Have you tried the Graph Tech system? I have not tried it but I have heard very good things about it. There's a audio to midi pickup on every string that allows you to play each note individually, and play without latency. 

What interests me about this is playing acoustic guitar and other strum instruments. Makes it a hell of a lot more convenient than micing one, or trying to bang it out on a midi keyboard. 

I agree with you though, every audio to midi solution I have ever tried has not worked out very well. Tons of latency, weird ghost notes, and unless you autotune the hell out of it, the slightest unintentional bend will throw the whole thing off.


----------



## rvb (Aug 18, 2017)

TheNorseman said:


> Have you tried the Graph Tech system? I have not tried it but I have heard very good things about it. There's a audio to midi pickup on every string that allows you to play each note individually, and play without latency.
> 
> What interests me about this is playing acoustic guitar and other strum instruments. Makes it a hell of a lot more convenient than micing one, or trying to bang it out on a midi keyboard.
> 
> I agree with you though, every audio to midi solution I have ever tried has not worked out very well. Tons of latency, weird ghost notes, and unless you autotune the hell out of it, the slightest unintentional bend will throw the whole thing off.
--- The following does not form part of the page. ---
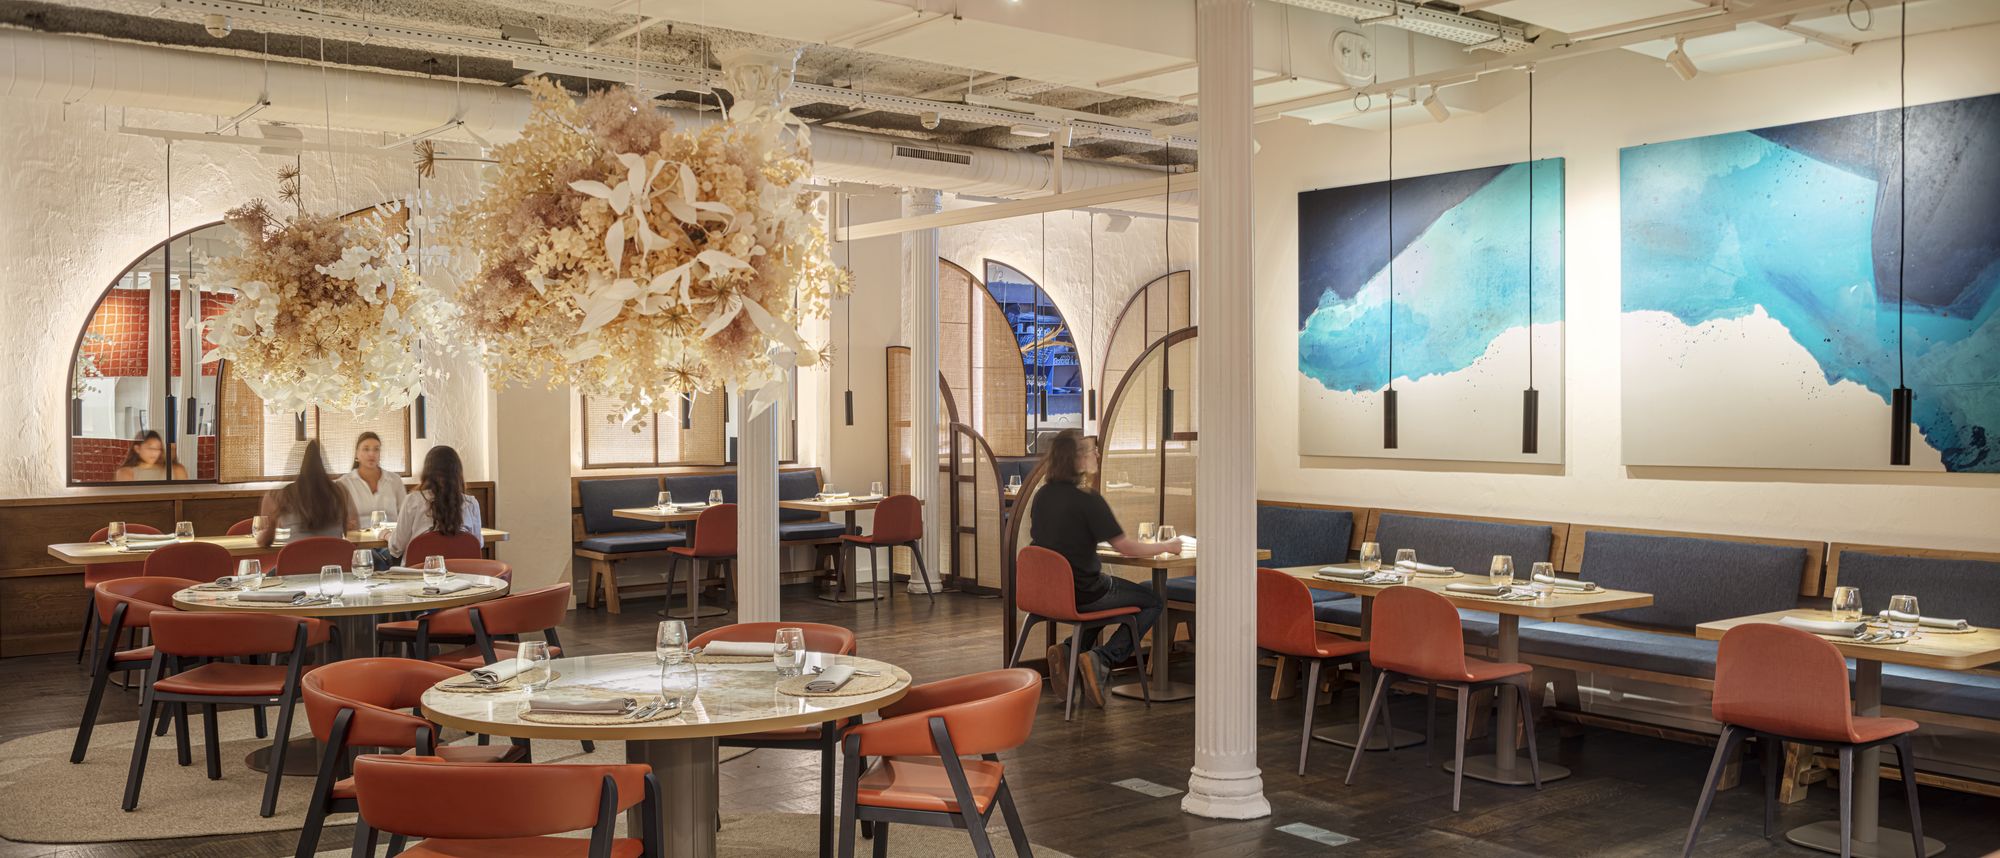 图片[2]|Compartir餐厅|ART-Arrakis | 建筑室内设计的创新与灵感

Wondering about this Graph Tech System to actually. I've been a very happy user of Jam Origin for a while now, but always dealing with latency/cpu to some extend. Maybe this is the solution I was looking for all this time!!
Anyone with experience on this one would be much appreciated on this side!


----------



## gsilbers (Aug 18, 2017)

TheNorseman said:


> Have you tried the Graph Tech system? I have not tried it but I have heard very good things about it. There's a audio to midi pickup on every string that allows you to play each note individually, and play without latency.
> 
> What interests me about this is playing acoustic guitar and other strum instruments. Makes it a hell of a lot more convenient than micing one, or trying to bang it out on a midi keyboard.
> 
> I agree with you though, every audio to midi solution I have ever tried has not worked out very well. Tons of latency, weird ghost notes, and unless you autotune the hell out of it, the slightest unintentional bend will throw the whole thing off.




oh yes i remeber that one from namm. same deal with the pitch to midi and no option to "hold" the note without a sustain pedal that affects all notes but it seems to have much better tracking than the roland or axiom by itself. in the video examples of him playing the demo you can see that they , as most midi guitar solutions , tailor it to play short notes only. i am classical guitar player so i dont normally do strum but i can see the appeal and ease to just laydown some chords by strumming.... and then i guess go back and do melody.


----------



## robharvey (Aug 21, 2017)

Oh god yes! I just hope it tracks chords.... probably won't though.


----------